* Your objective
Transcribe the listing exactly; drop the images.

* Given data
=== Begin Enclosure ===

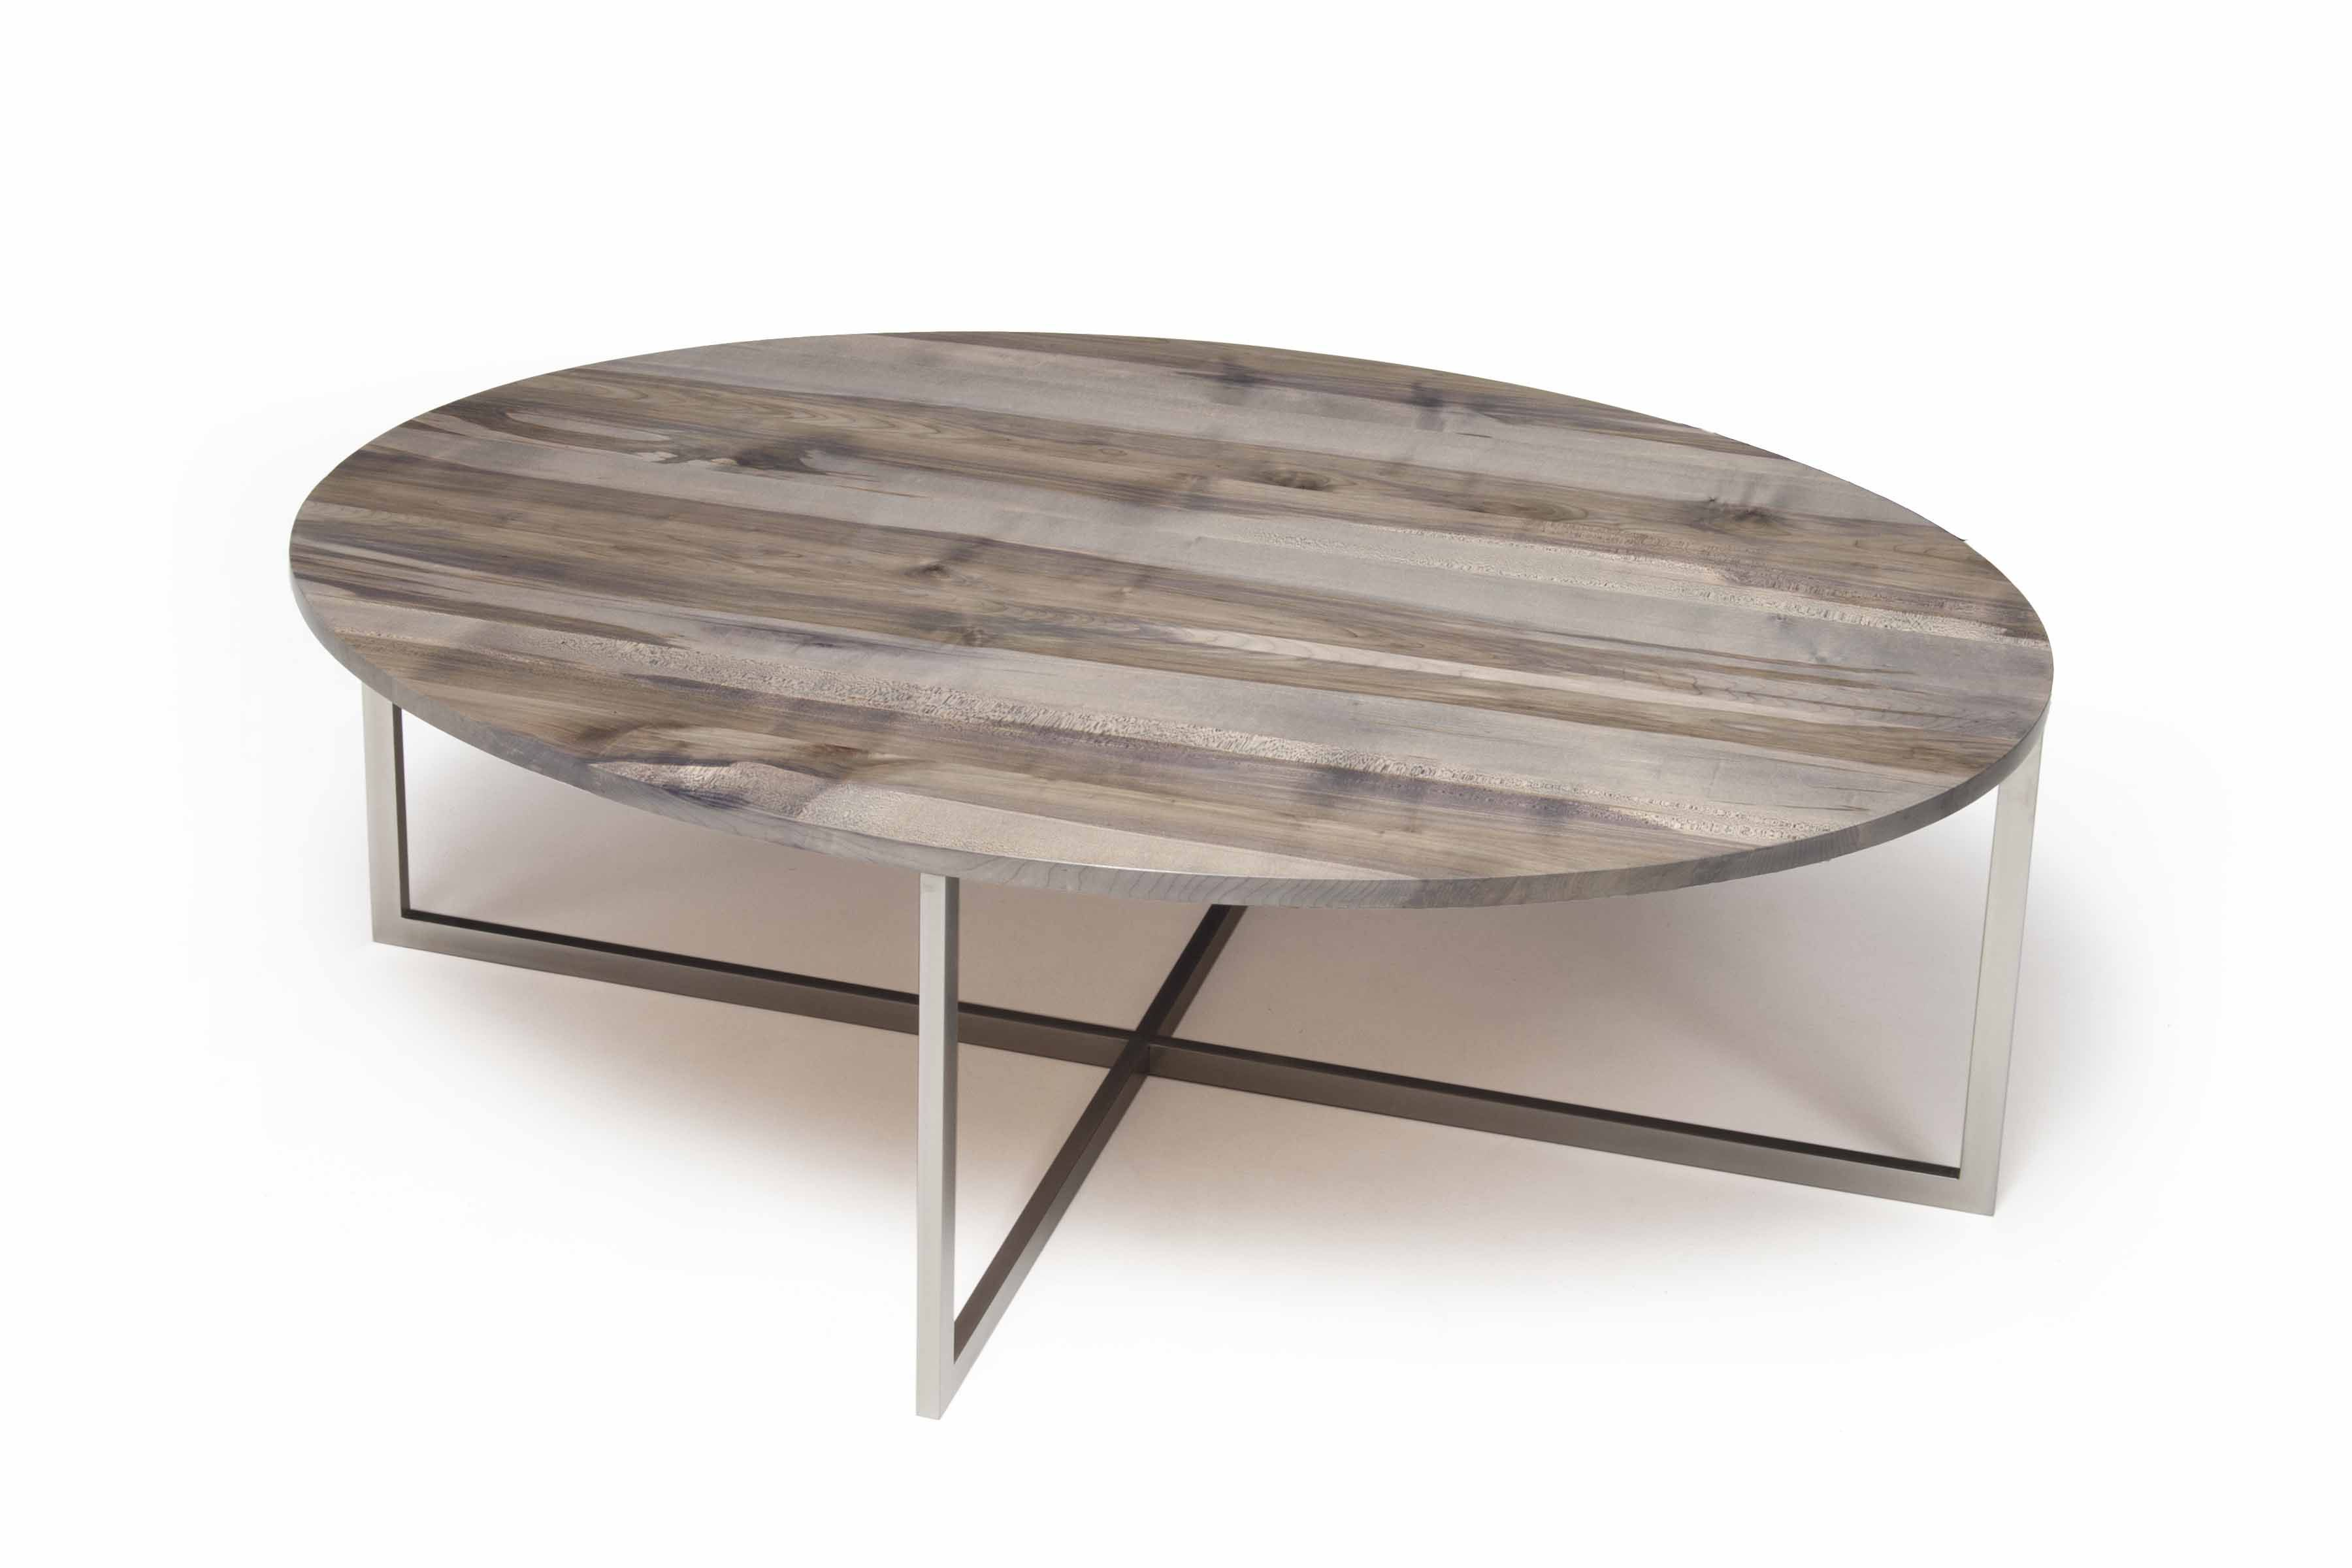 Tod Von Marten maple elipse coffee table | Furniture - Coffee Tables ...
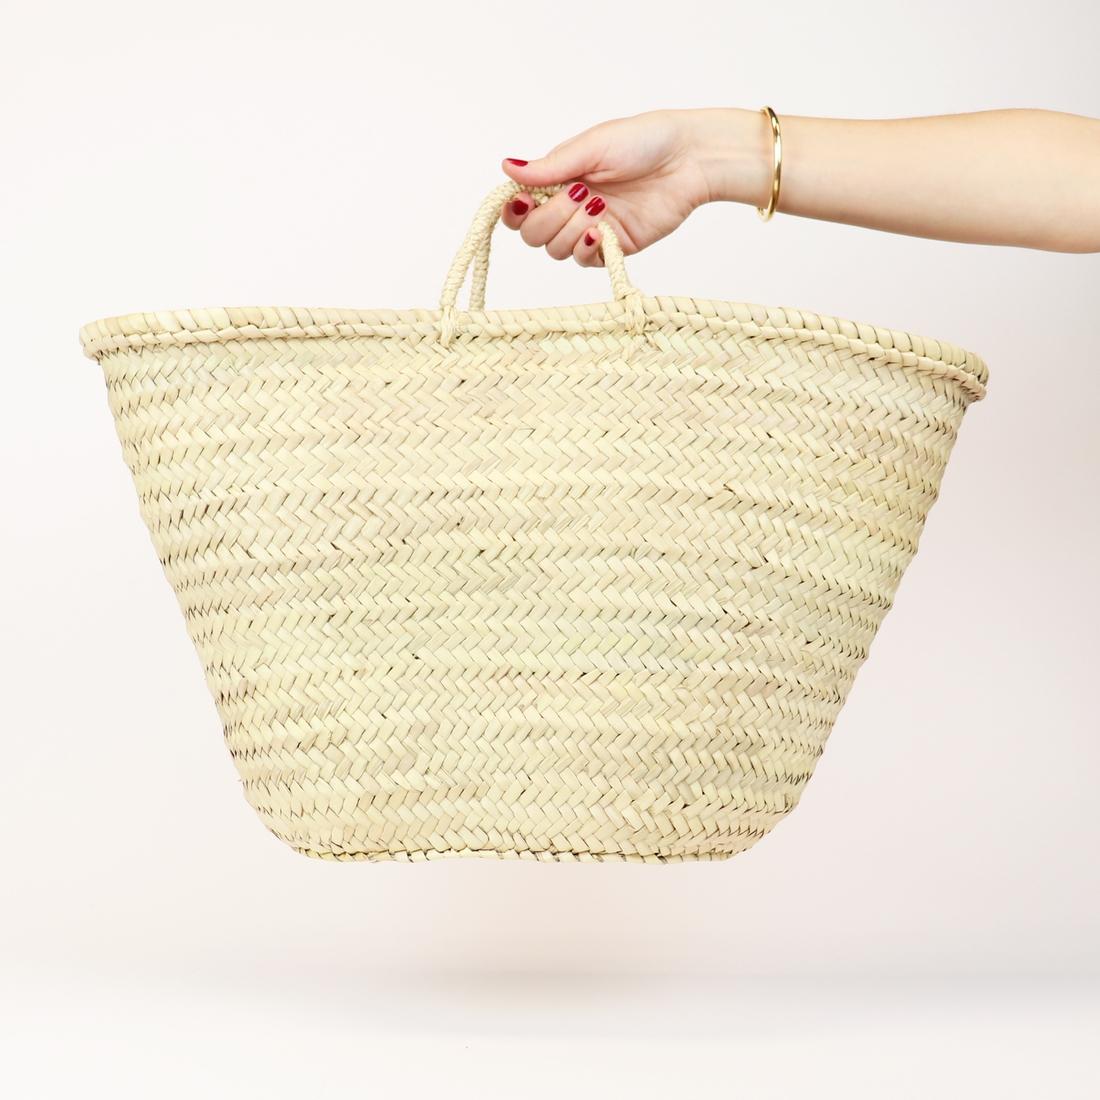 Straw Bag - Miami French Market Basket
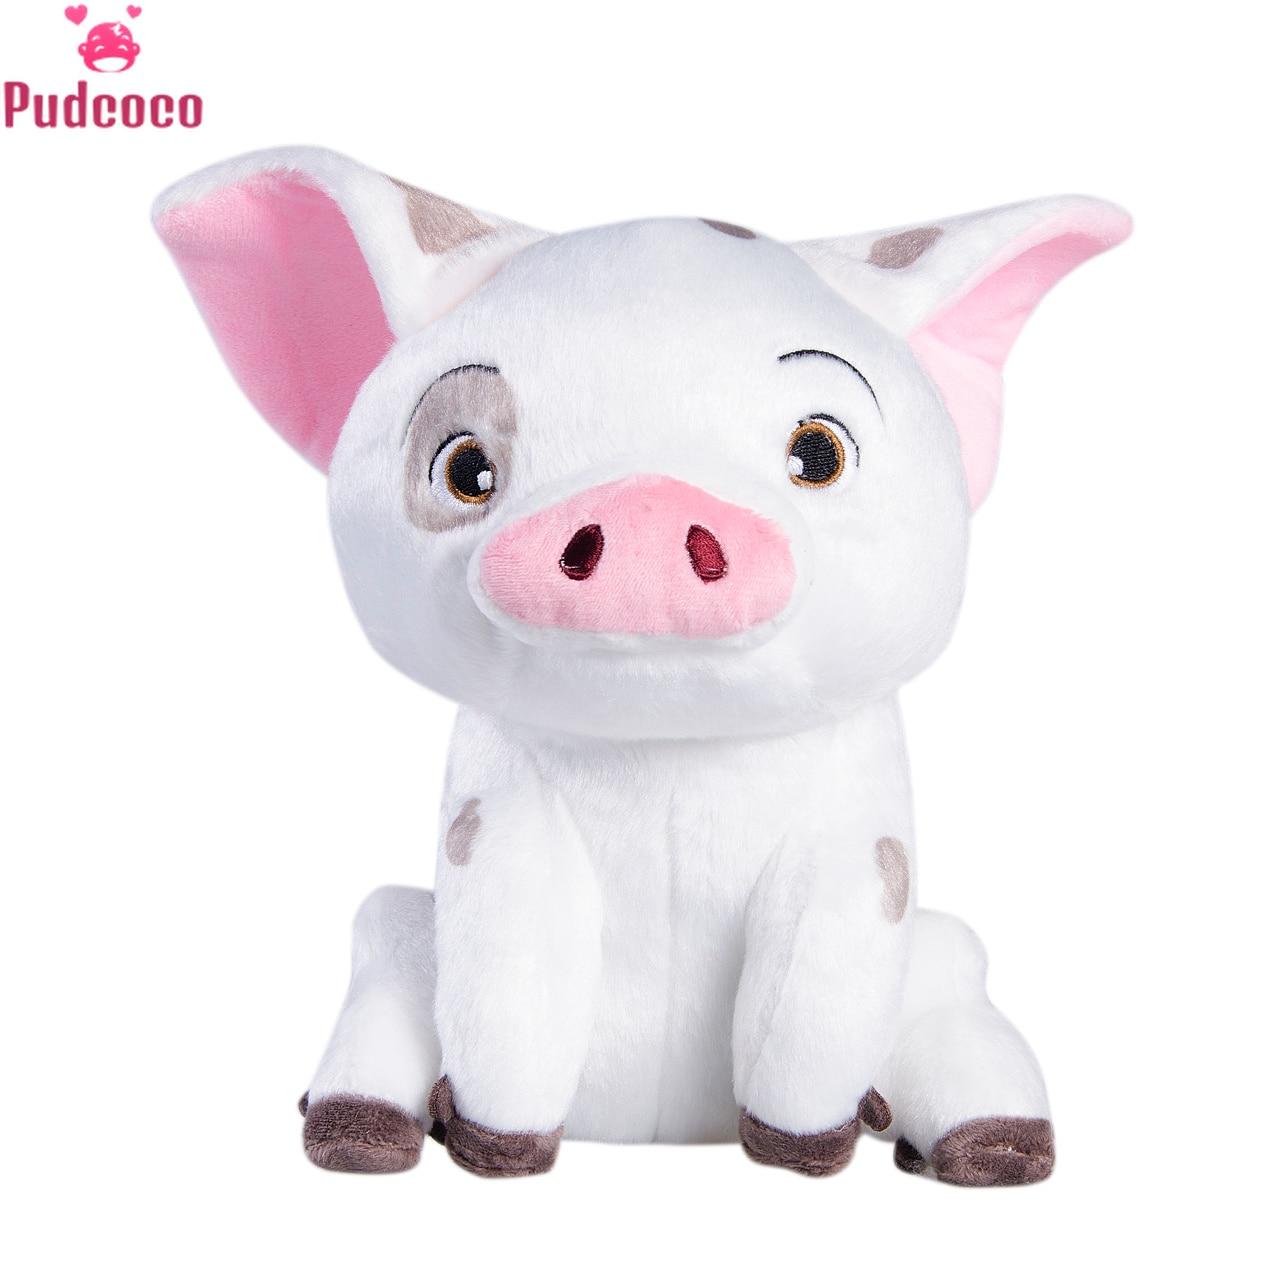 US $5 12 OFF Hot Sale Moana Babi Hewan Peliharaan Pua Boneka Hewan Lucu Kartun Boneka Plush Lembut 22 Cm Mainan Anak Perempuan 9 Inch Babi

=== End Enclosure ===

* Written reply
 Tod Von Marten maple elipse coffee table | Furniture - Coffee Tables ...
 Straw Bag - Miami French Market Basket
 US $5 12 OFF Hot Sale Moana Babi Hewan Peliharaan Pua Boneka Hewan Lucu Kartun Boneka Plush Lembut 22 Cm Mainan Anak Perempuan 9 Inch Babi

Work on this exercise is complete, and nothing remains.